REQUIRED WORK
Please transcribe only the lines that run from the line bearing "Private kitchen shelter" to the end of the entries, keeping both end lines. Skip the pictures.

DATA FOR THIS EXERCISE
┏━━
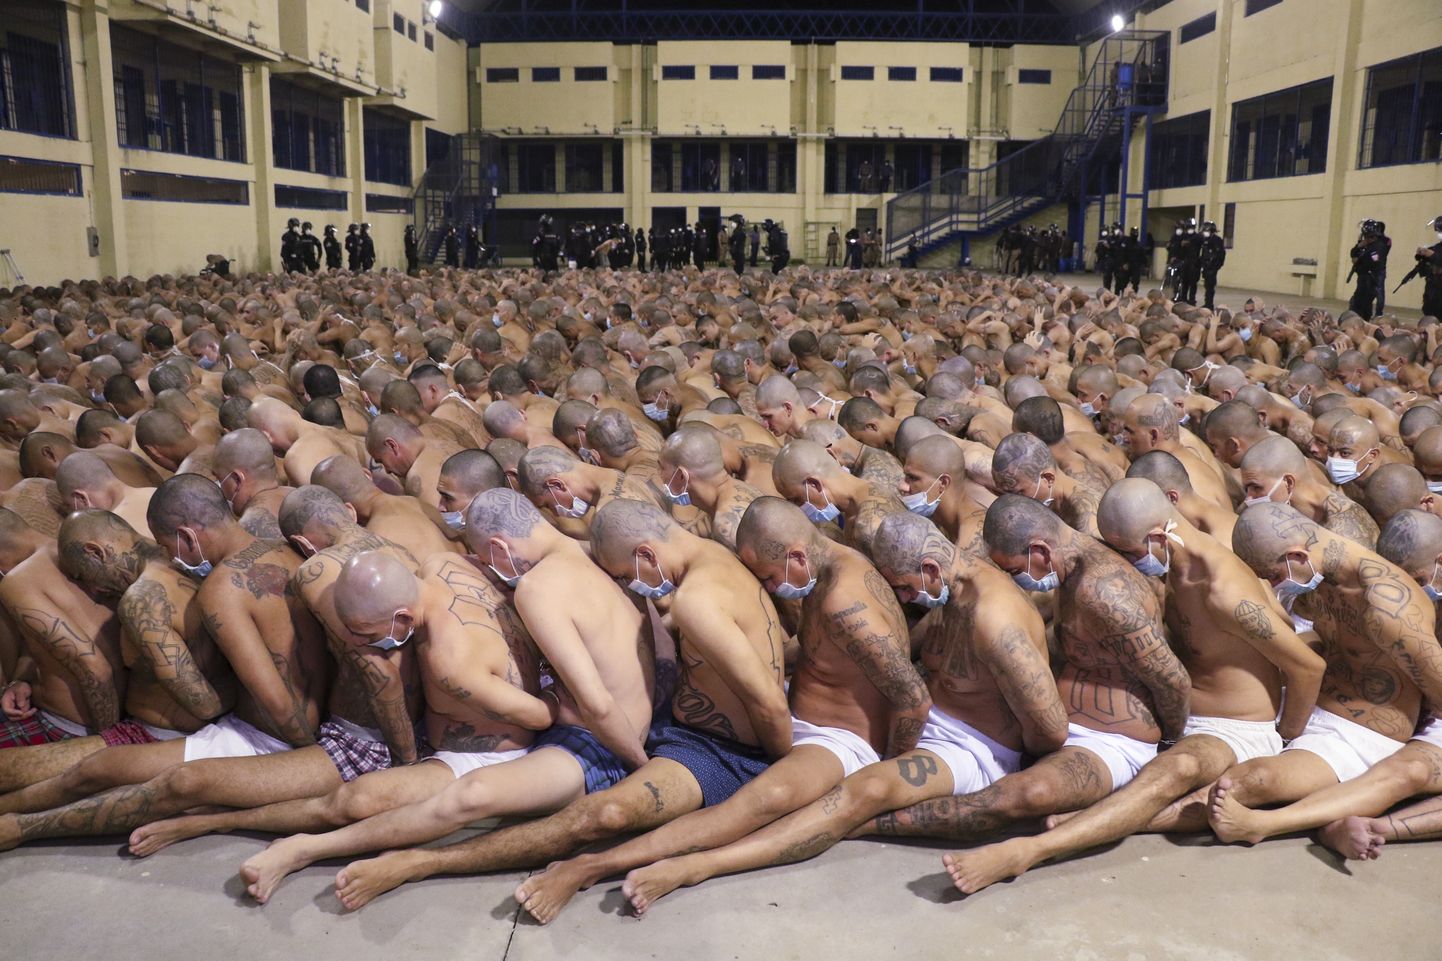 El Salvadori ühe vangla kinnipeetavad pidid 24 tundi koos istuma. Osaliselt maske kandnud kurjategijatel ei olnud aga võimalust üksteisest eemal istuda.
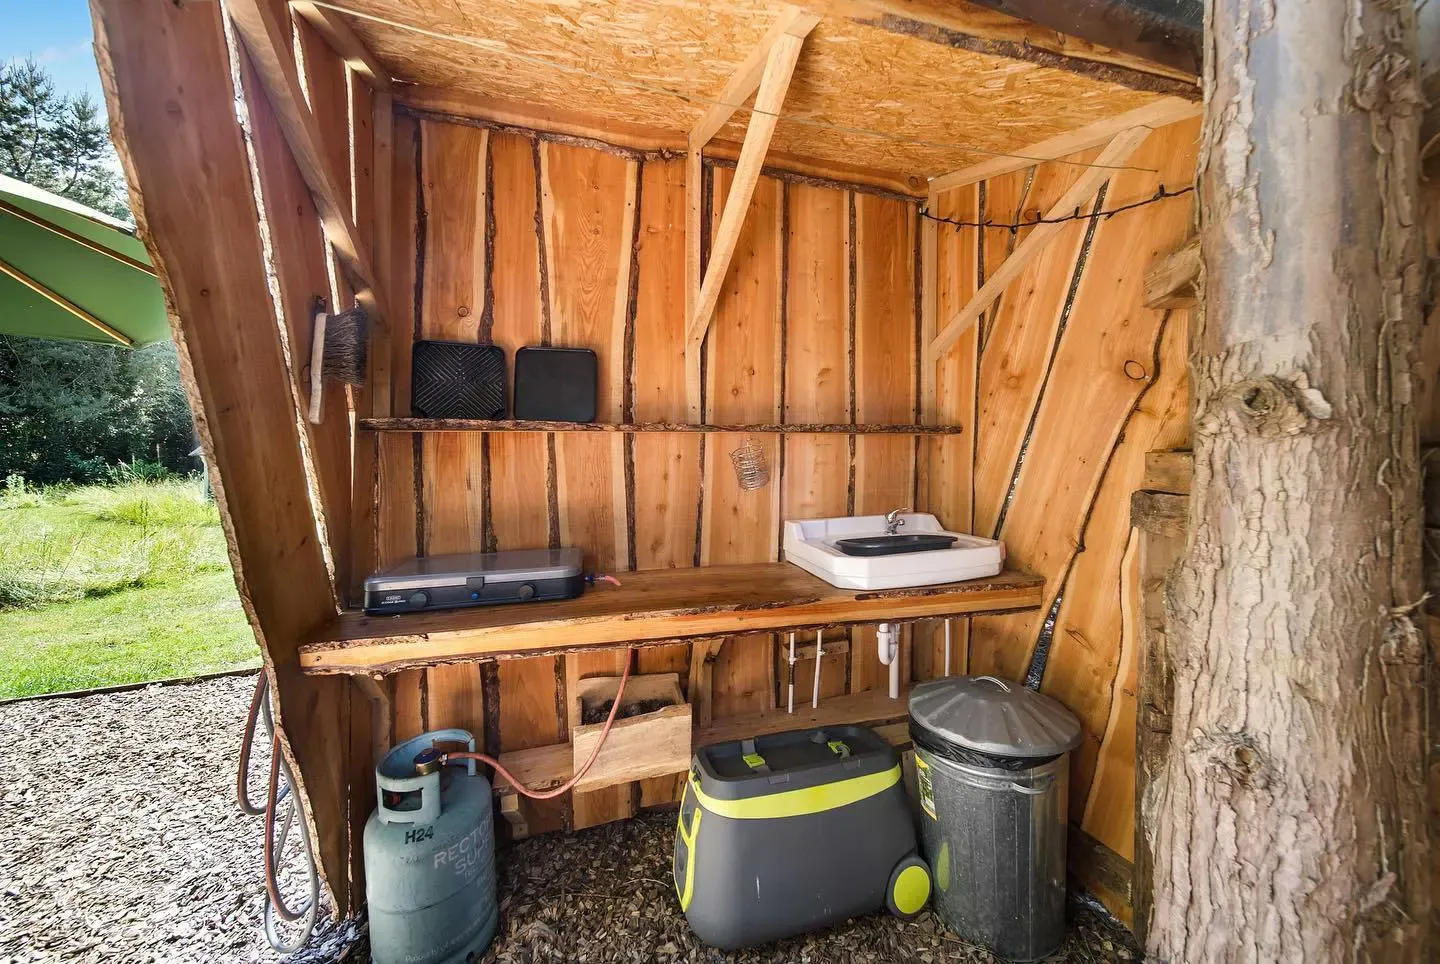 Private kitchen shelter
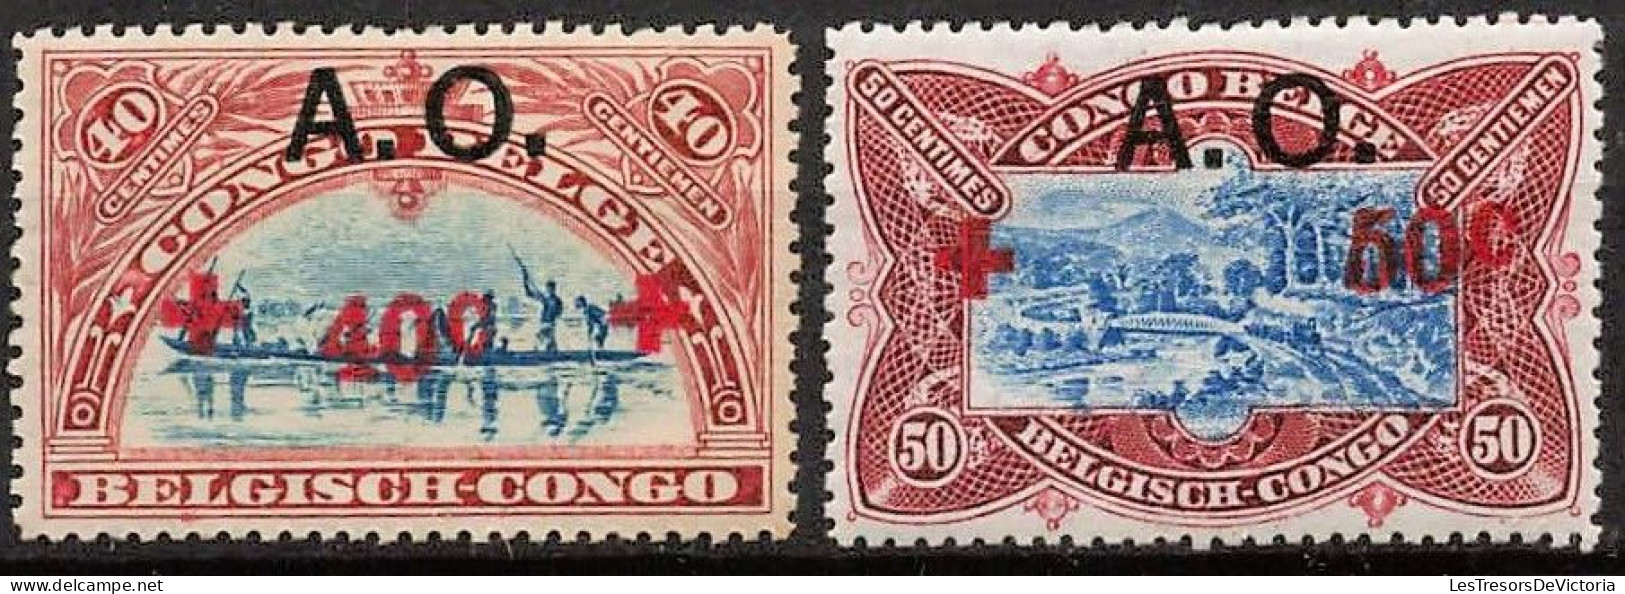 Timbres - Ruanda Urundi - 1918 - COB 36/44*  Croix Rouge - Cote 150 - Neufs
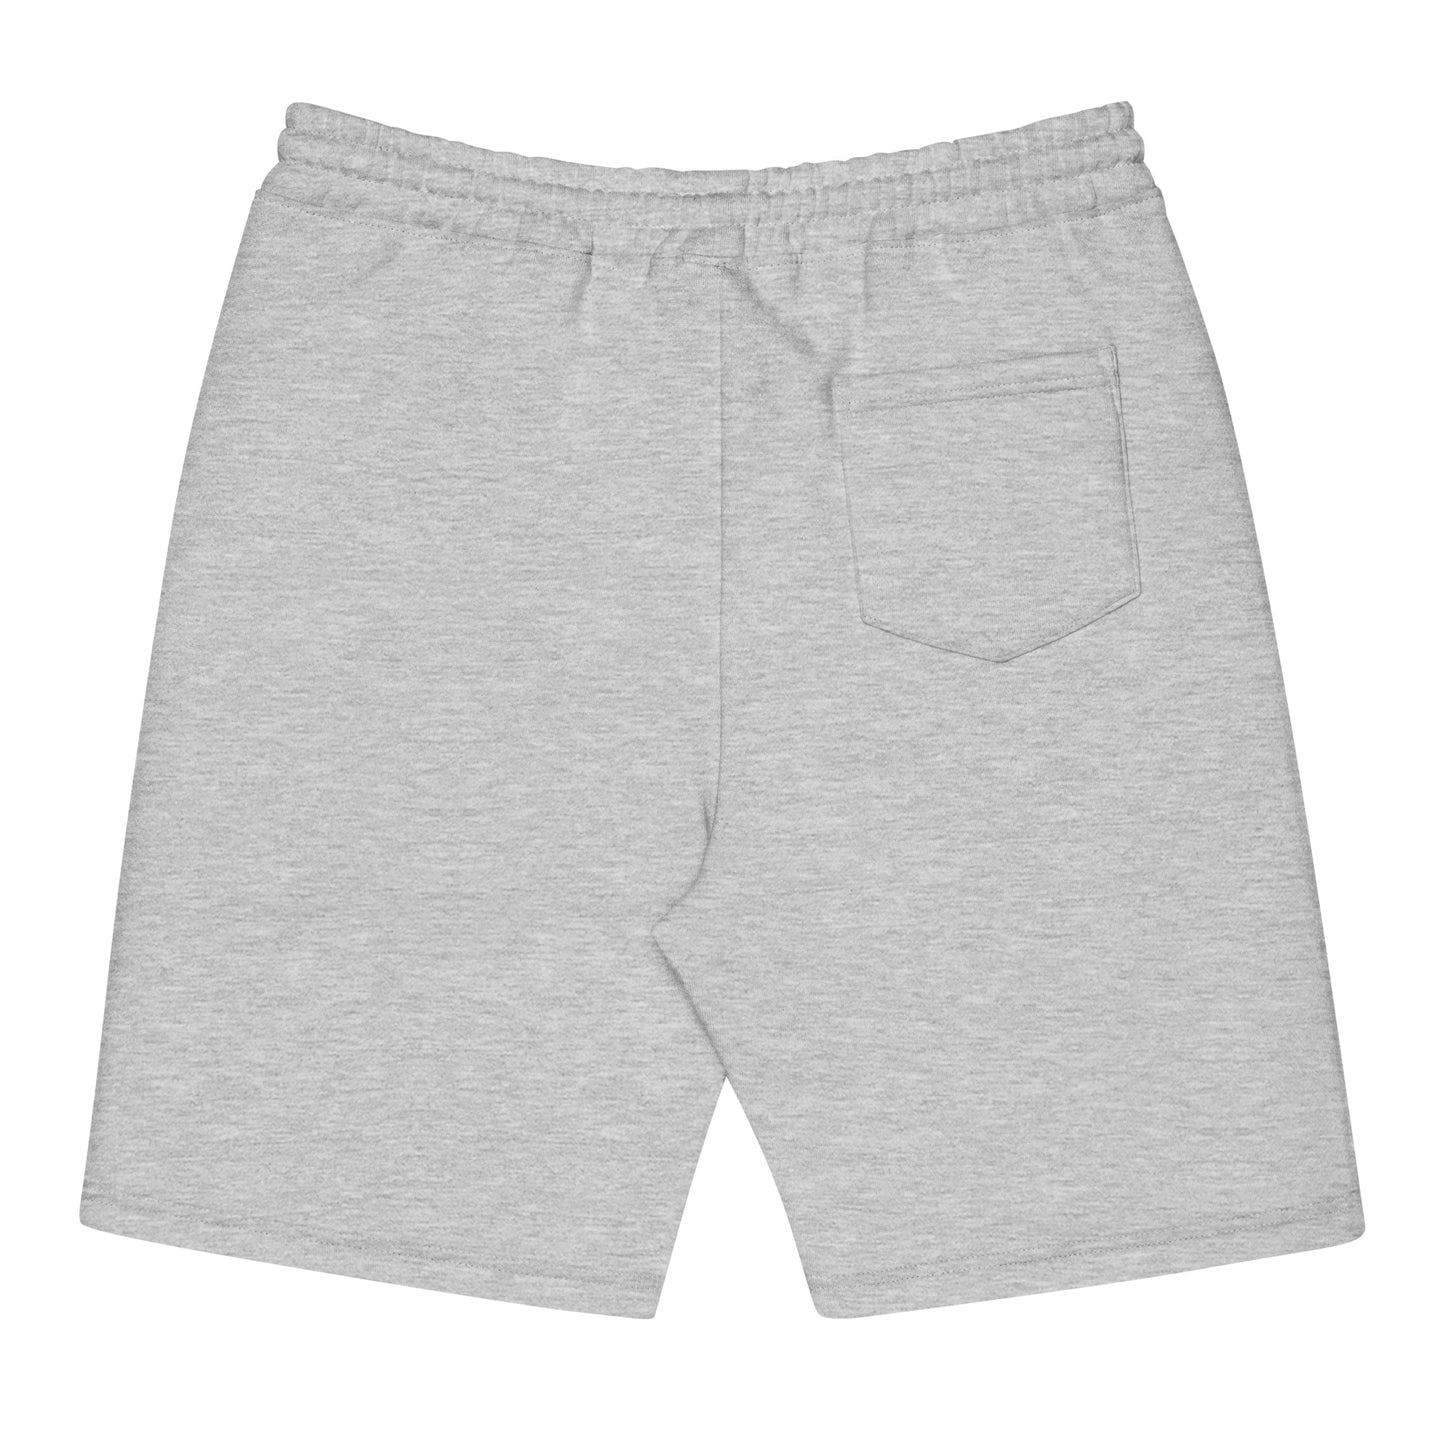 Time Tunnel (v1) Men's fleece shorts
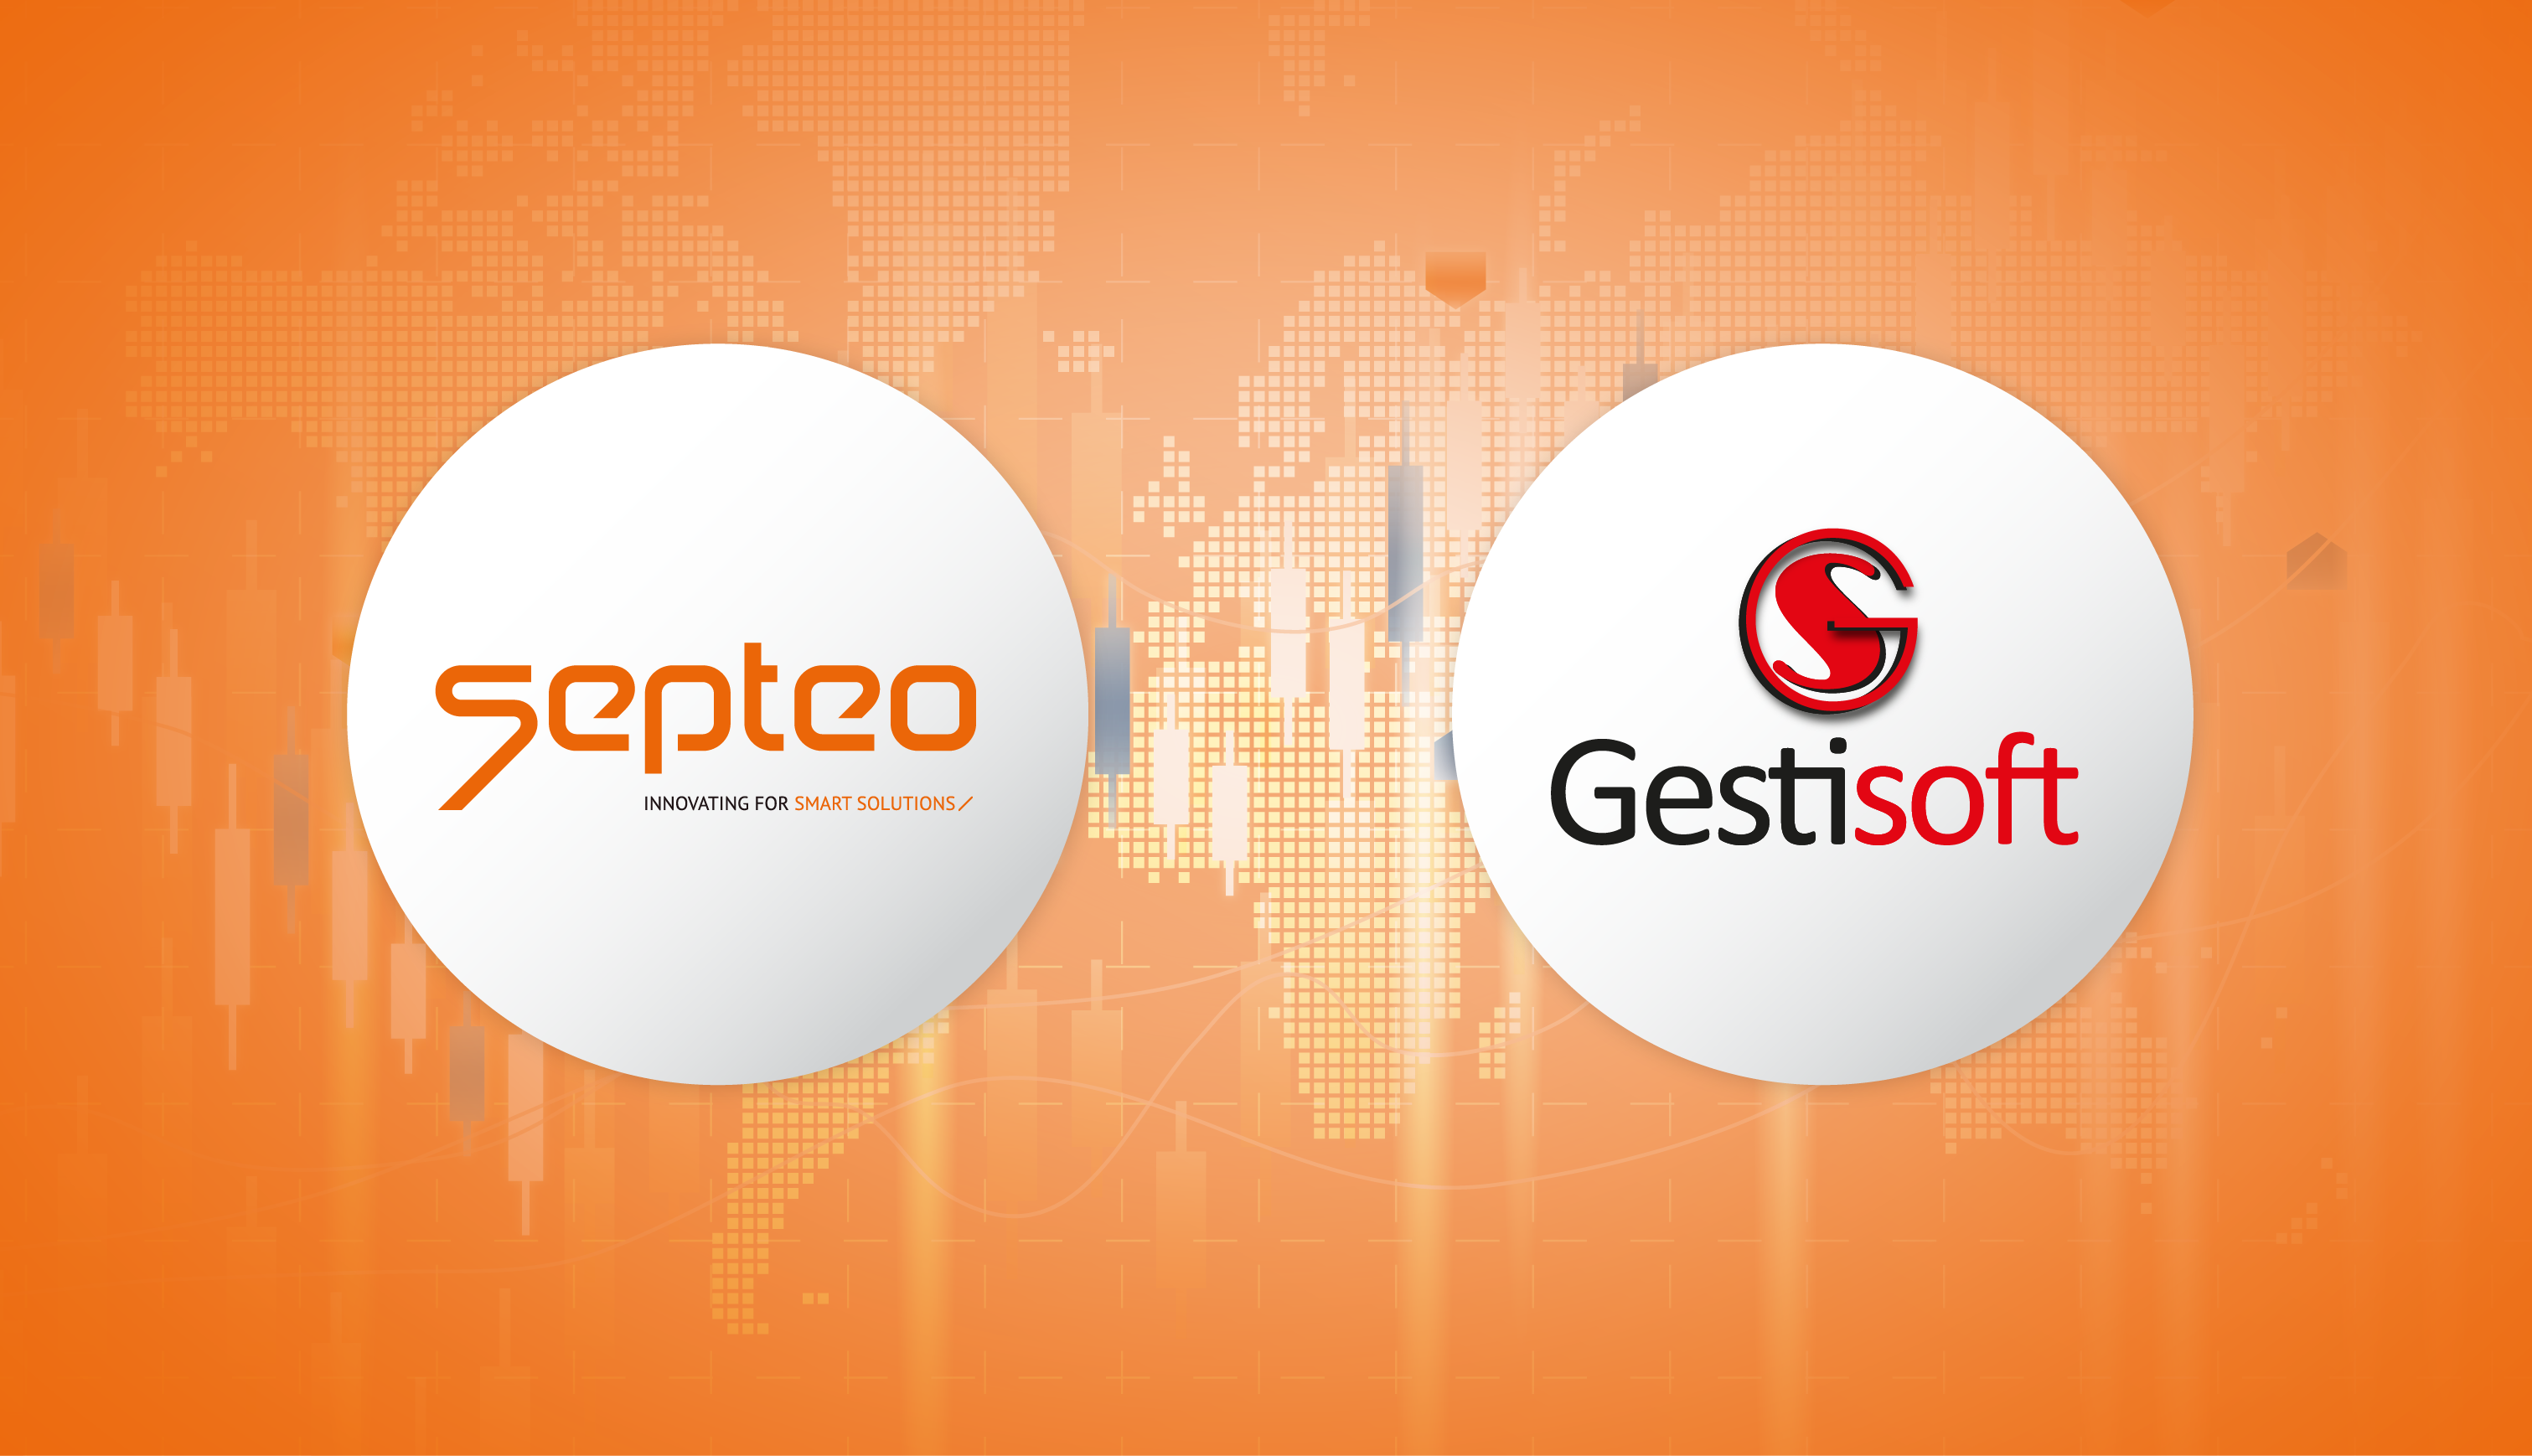 Le groupe Septeo, au travers de sa filiale Secib, fait l’acquisition de Gestisoft, 1er logiciel de gestion sur mesure pour les grands cabinets d’avocats.
┗━━
EXERCISE RESPONSE
 Private kitchen shelter
 Timbres - Ruanda Urundi - 1918 - COB 36/44*  Croix Rouge - Cote 150 - Neufs
 Time Tunnel (v1) Men's fleece shorts
 Le groupe Septeo, au travers de sa filiale Secib, fait l’acquisition de Gestisoft, 1er logiciel de gestion sur mesure pour les grands cabinets d’avocats.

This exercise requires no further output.